Bruce Banner
Bruce Banner was perhaps the world’s leading expert on remaining calm in times of deep emotional crisis.
It was a good thing, too. Steve Rogers was a mess.
“But you can fix him,” he insisted stubbornly, for the hundredth time that night. “You can.”
“I’ve drained the pulmonary effusion as much as I could without collapsing the lung…but Cap, he’s septic. Bad. He’s immunocompromised by the starvation—“
Smart, a clinical part of him said. Any immediate danger to the Soldier’s bodily integrity would trigger his protocols for self-preservation, but Barnes had found a work around. A painful, agonizingly slow work around. Barnes had wanted to be dead, just as Bruce longed to be.
…and Barnes had made it work.
He felt guilty letting him die. He felt even guiltier taking that victory away.
“But the neural interface on that arm is massive, Steve. It’s draining every last molecule of glucose from his blood, the ATP from his cells, it’s burning through him and I can’t feed him any faster without risking what little access we have.”
So take off the arm, Steve didn’t say. Steve had read the files as much as he had, understood little, but it was obvious even to a layman that the arm—whatever they’d done to Barnes to interface his spine, his brain, his soul with that arm—was permanent.
He’d done some preliminary genetic testing already. Similar mutations to PEPCK-C, like Steve had, the accelerated metabolism, increased speed of healing, seeming impermeability to fatigue and pain…and enough telomerase to make the immortal life of Henrietta Lacks seem short in comparison.
The Winter Soldier would never age. Never grow old. Never die.
…But provided the right circumstances, he could be killed. And Barnes had done his damnedest. Bruce recognized—respected, even—that level of determination. Neither he nor Barnes had ever signed up for this…but even his own exposure had been an accident, not deliberate human experimentation.
Not torture.
Torture. That was the word. It felt more like torture than actual medicine. The body—the brain—what was left of Bucky Barnes wanted to die. And Bruce wasn’t letting him.
“Tell me,” Steve grunted instead. “Tell me.”
“He’s so dehydrated my only option was to go through his tibia (Bruce thought getting the rotor-saw through the super-soldier’s bone would be a challenge. The jelly he’d found instead had been nauseating.) and I’ve been running fluids subcutaneously and through an NG—his veins are so flat I can’t get a line, not even a central one. His liver and kidneys have failed to the point where I don’t even dare draw blood.” It was a strange sort of anemia and polycythemia, where his concentrated blood cell count was both simultaneously too high and too low. Where the slurry of near-solid blood in his veins was too thick, too viscous to bring meaningful nourishment to his suffocating, starving organs or pallid skin…yet too thin to clot. As they spoke, straw-colored serum continued to ooze from the leg, the nose, the bloodshot eyes, every sore on that grey, shrunken skin.

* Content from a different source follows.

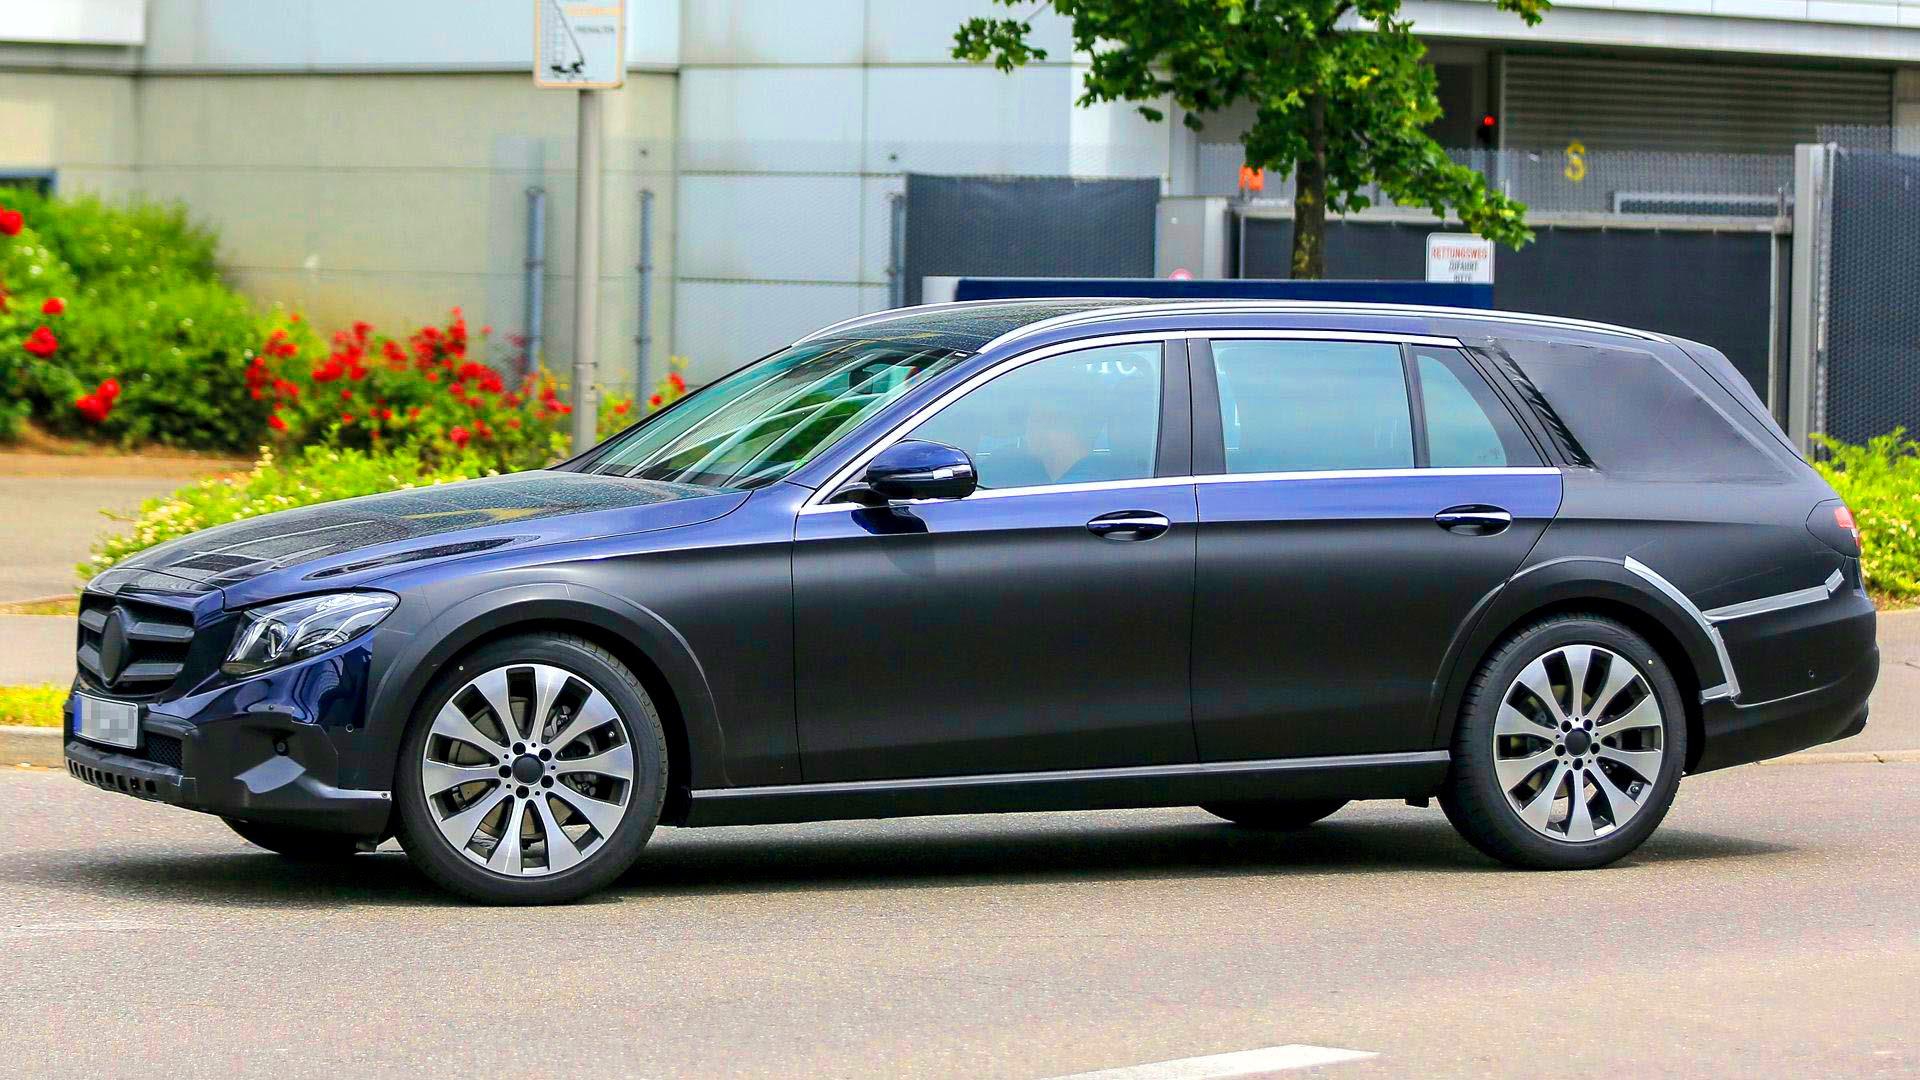 Mercedes E-Class All-Terrain Widescreen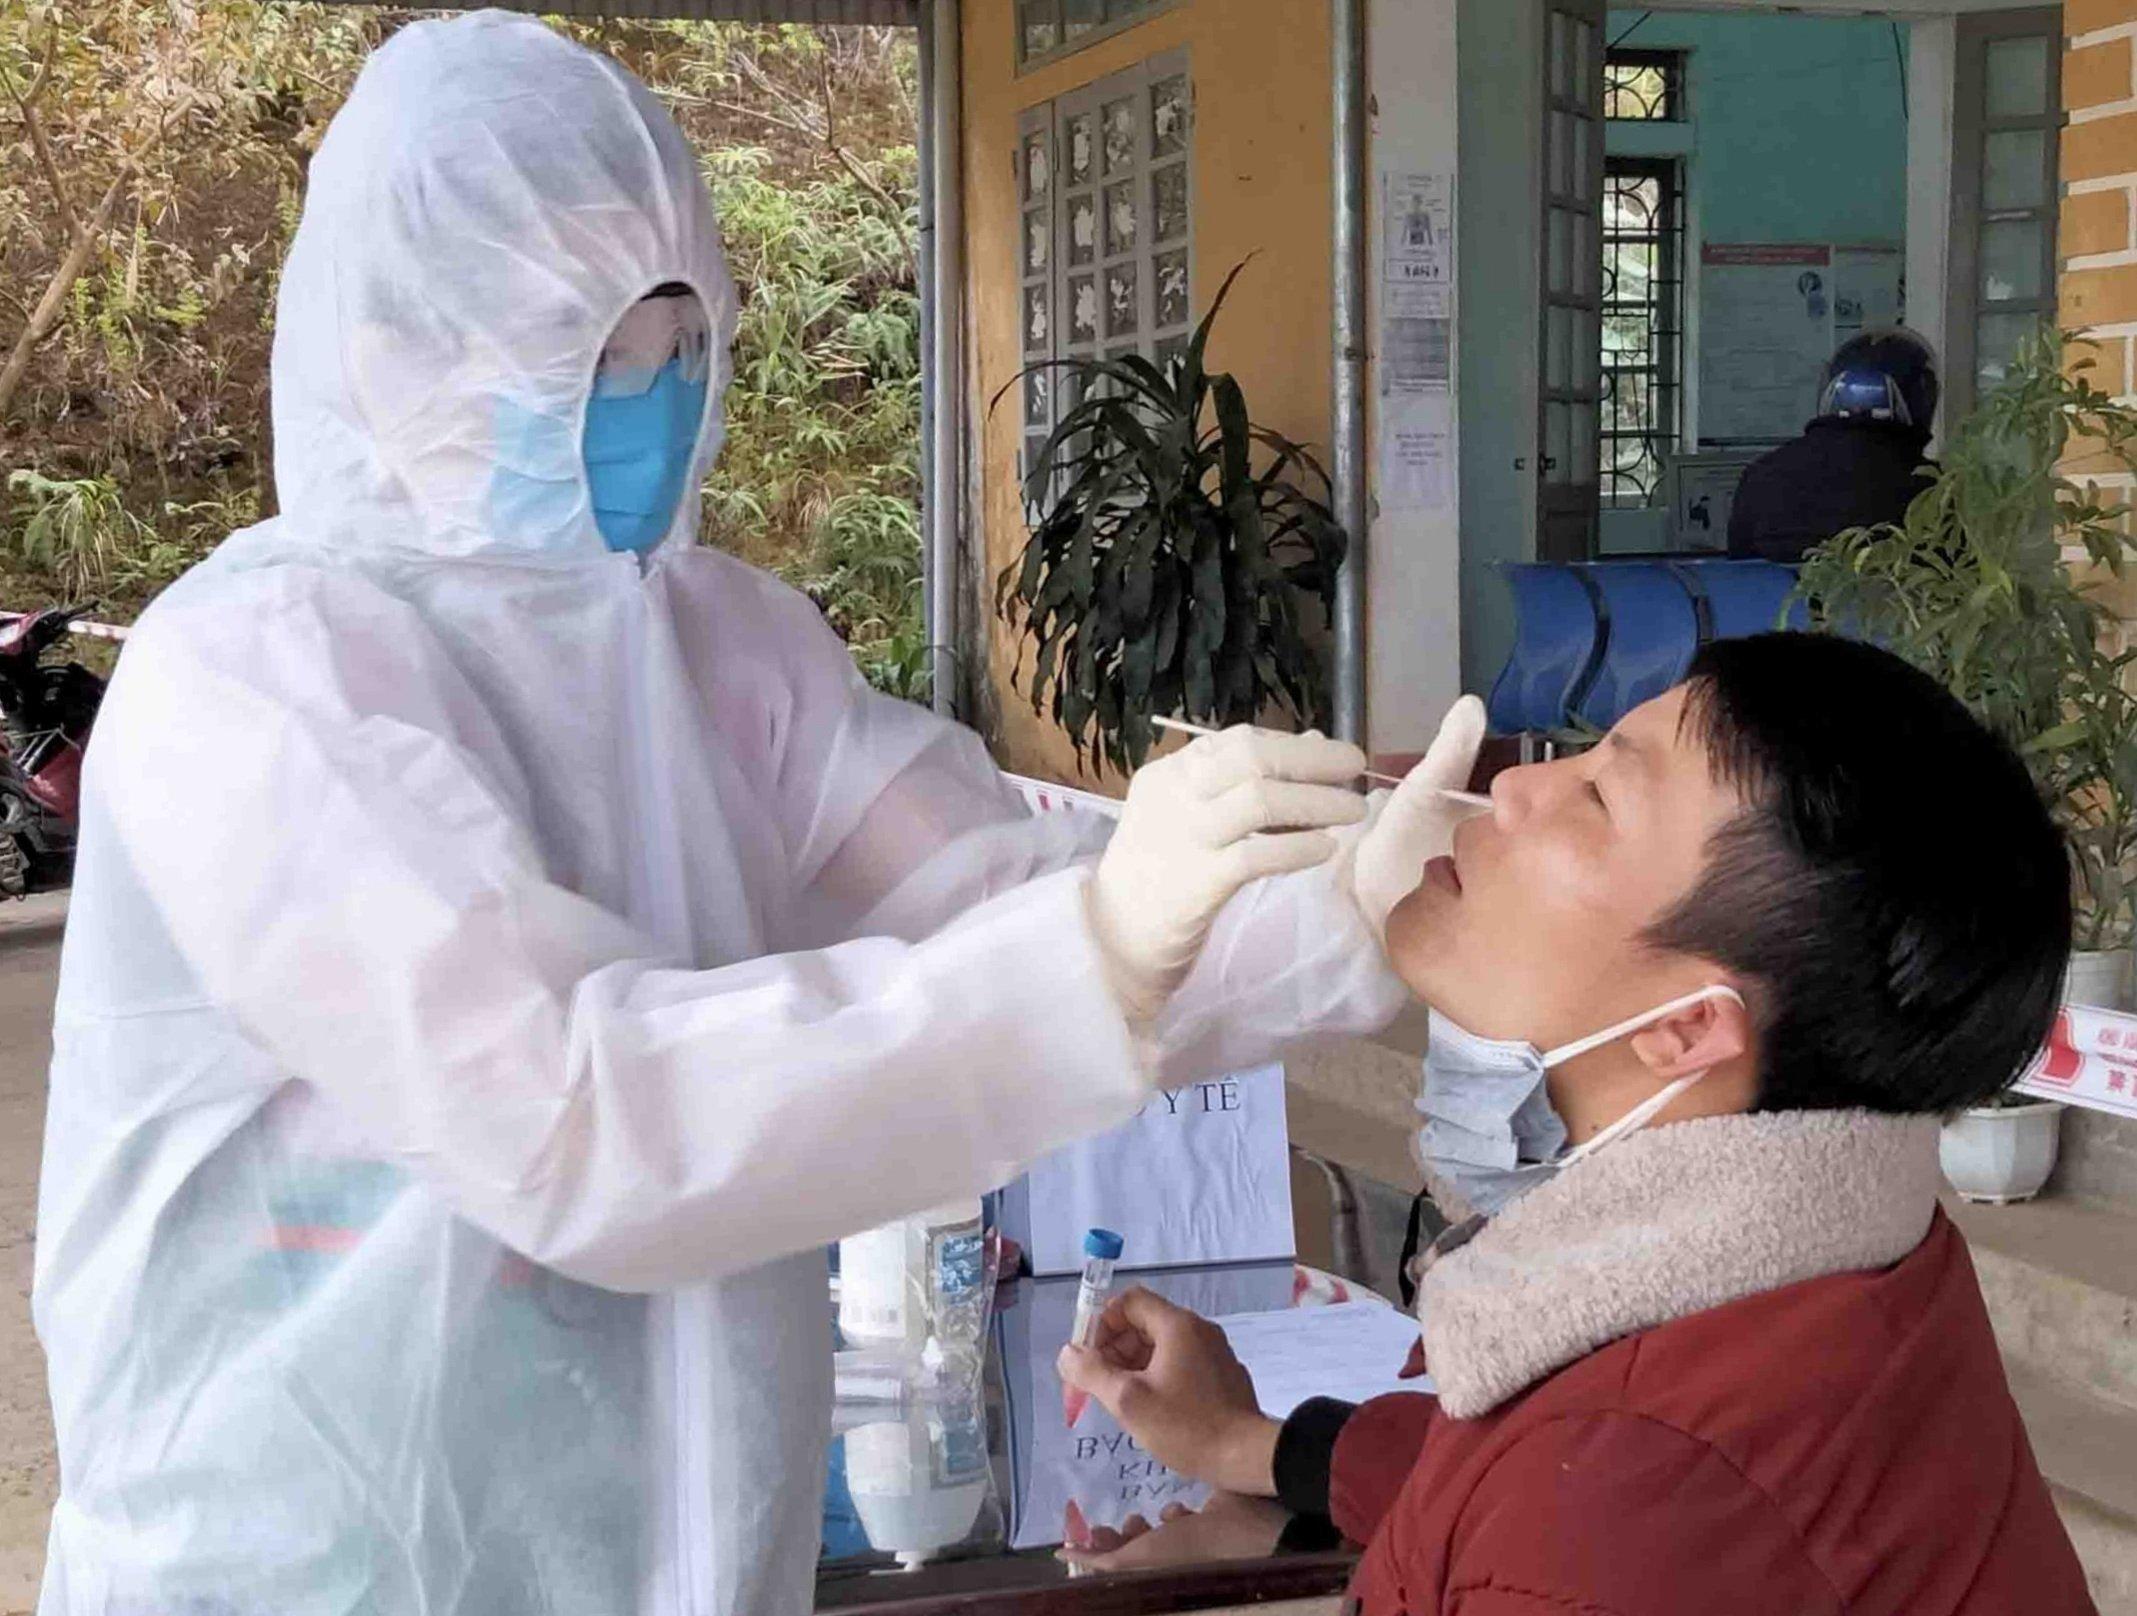 Trung tâm Y tế huyện Tân Uyên lấy mẫu người về từ Hải Dương. Ảnh: Báo Lai Châu.

“It’s bad, Steve. He’s depleted every fat storage in his body, he’s breaking down muscle and bone. The rhabdomyolysis alone has already stopped his heart. Twice.”
Bruce blanched. Balked at the words. “He’s…he’s really sick, Cap. I need you to be okay with me saying he might not make it.”
“I’m not okay with that,” Steve shook his head—as if this were an argument, and he could win through sheer stubbornness alone (and, Bruce reminded himself, this was Captain America, The First Avenger, The Greatest Hero of The Greatest Generation, the man who’d single-handedly taken down HYDRA, survived 70 years in unmonitored cryostasis and walked away with a mild headache. If anyone in the history of humanity could win an argument with God, the cosmos, several billion years of human evolution, it would be him.)
[And if any man who ever lived deserved a miracle...well. Jesus was fiction and Gandhi was dead.]
“I will never be okay with that.”
“I’ll do what I can, Cap. But I can’t make any promises…and you shouldn’t either.”
“You’re going to be fine, Buck,” Steve Rogers choked. “You’re going to be just fine.”